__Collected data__
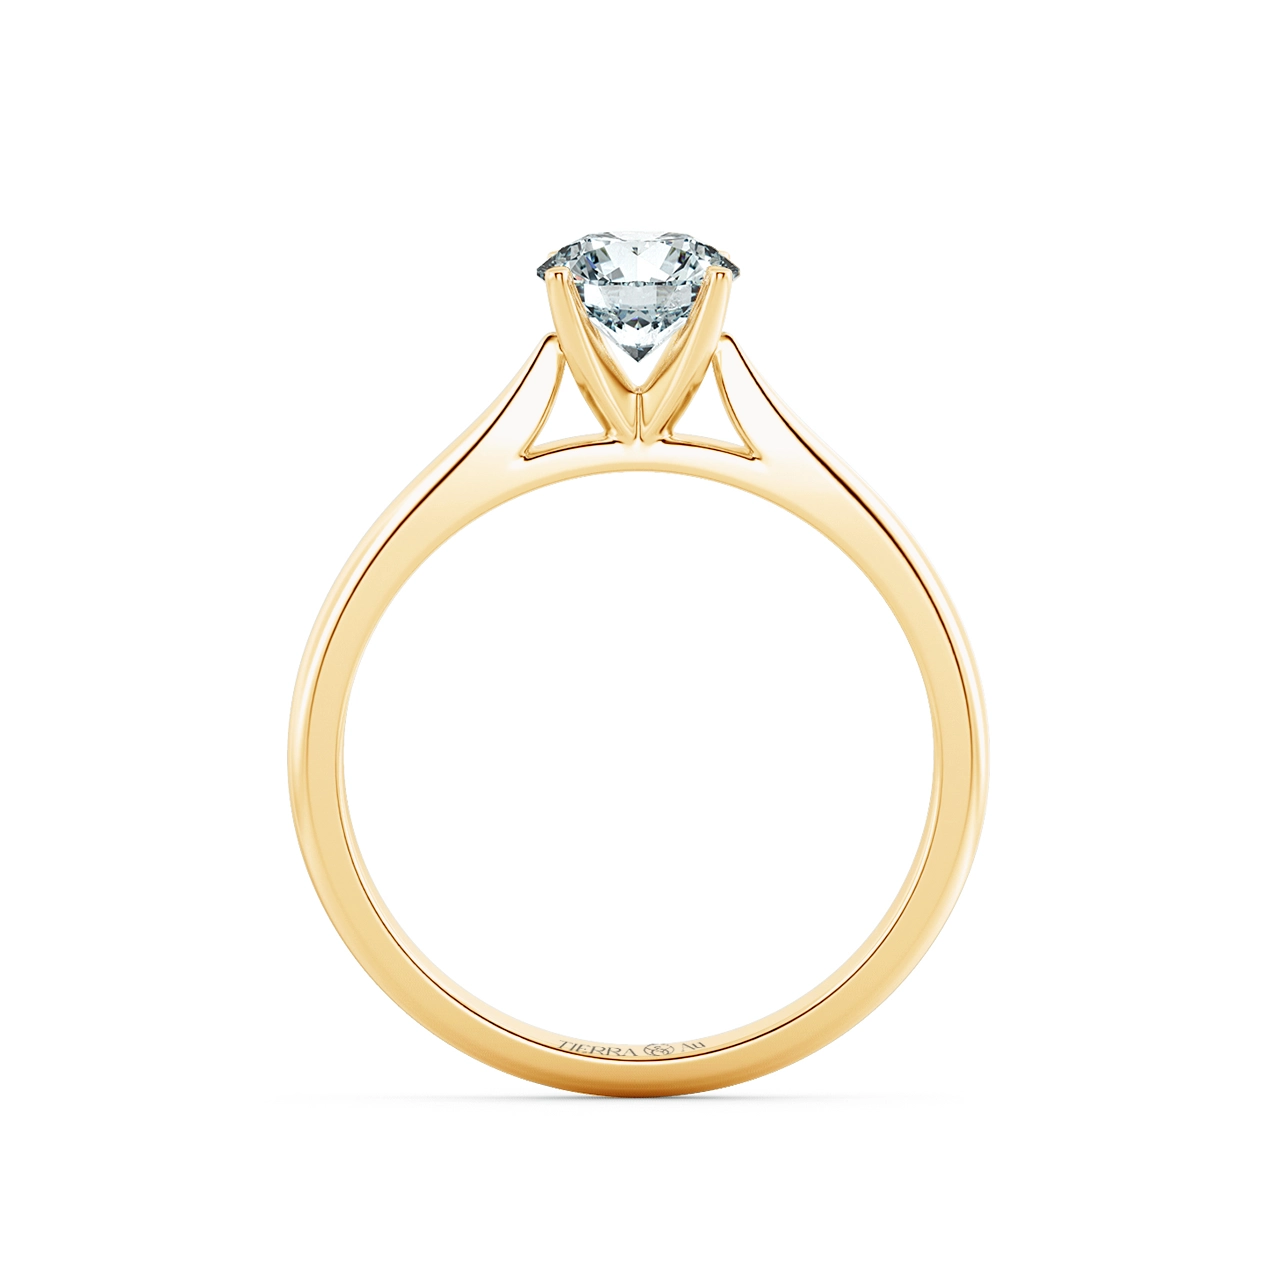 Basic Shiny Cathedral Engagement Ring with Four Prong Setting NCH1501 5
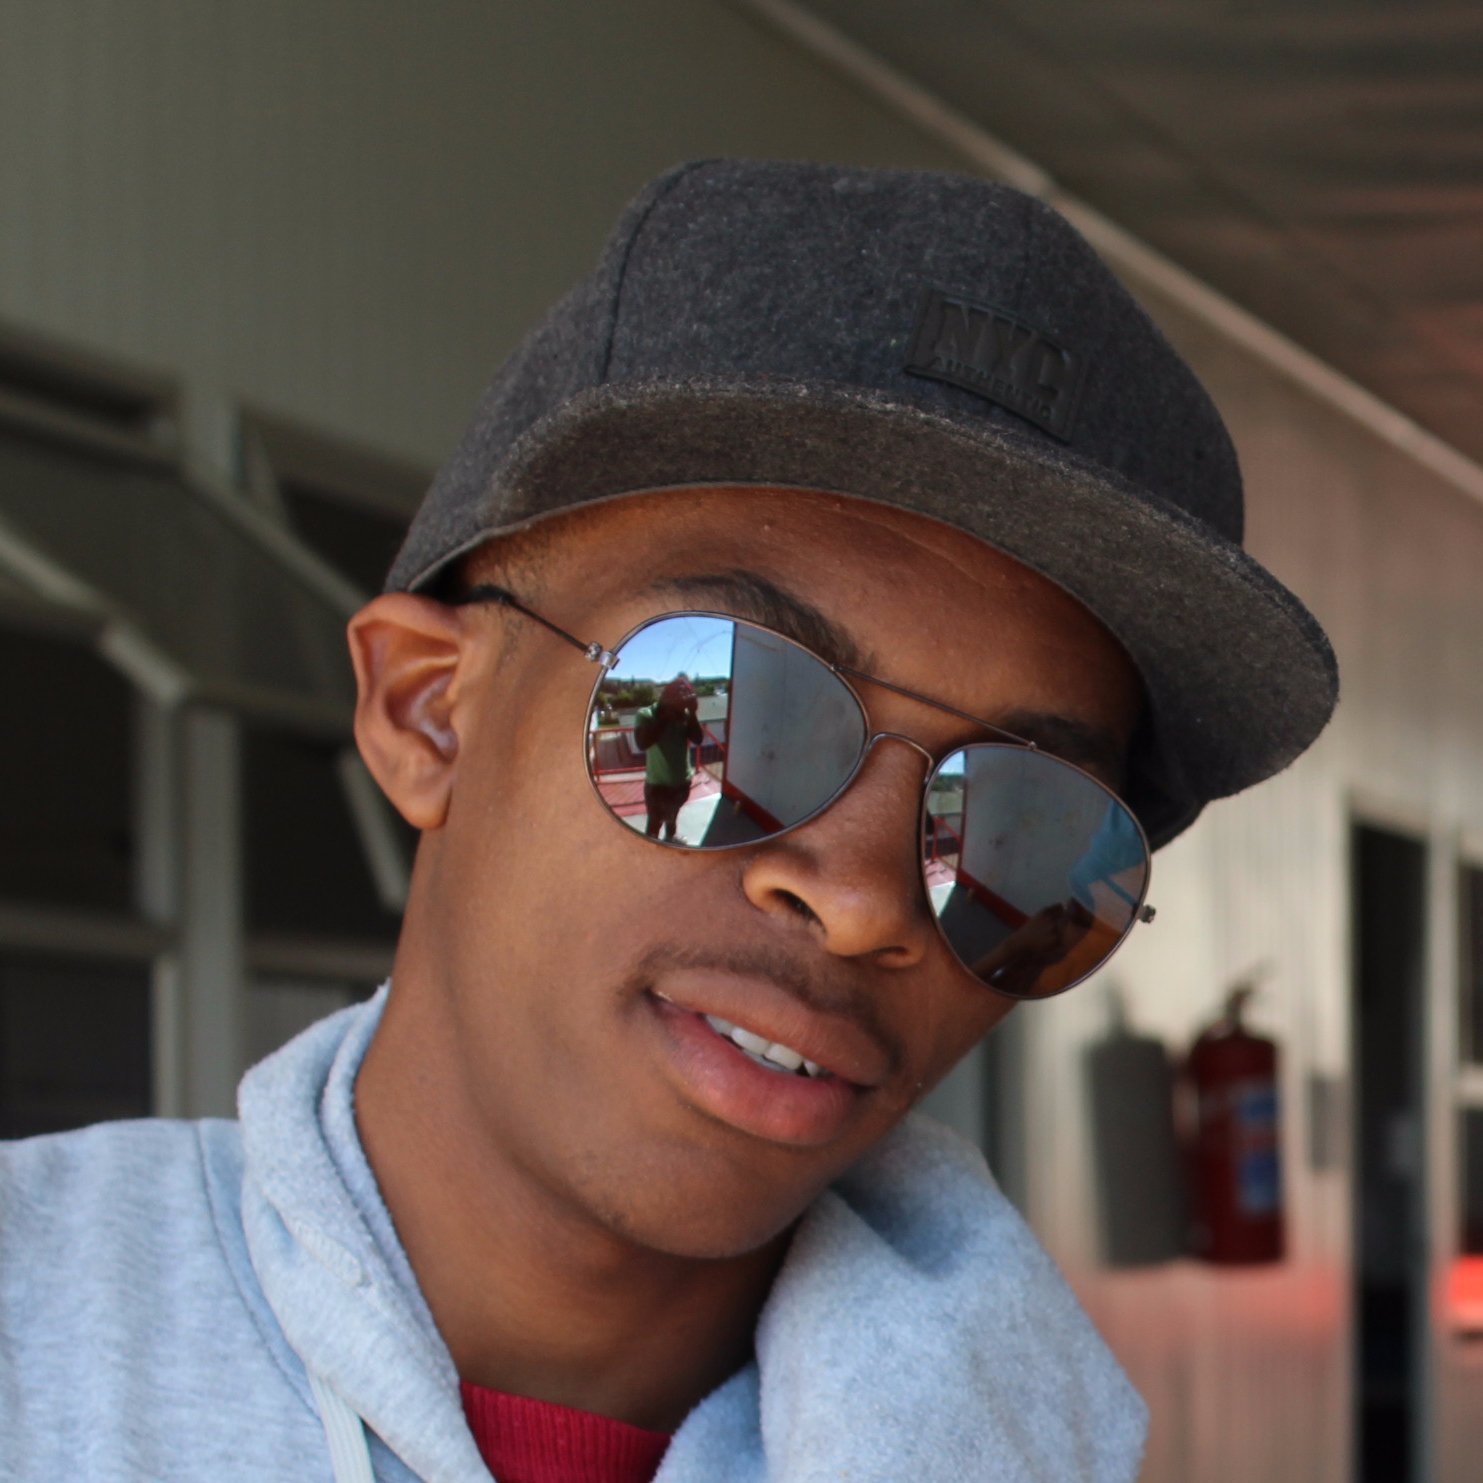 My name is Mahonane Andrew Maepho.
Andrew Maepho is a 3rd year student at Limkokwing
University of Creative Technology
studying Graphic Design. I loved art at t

__What is required__
Write the data out again exactly, but without its images.

__Result__
 Basic Shiny Cathedral Engagement Ring with Four Prong Setting NCH1501 5
 My name is Mahonane Andrew Maepho.
Andrew Maepho is a 3rd year student at Limkokwing
University of Creative Technology
studying Graphic Design. I loved art at t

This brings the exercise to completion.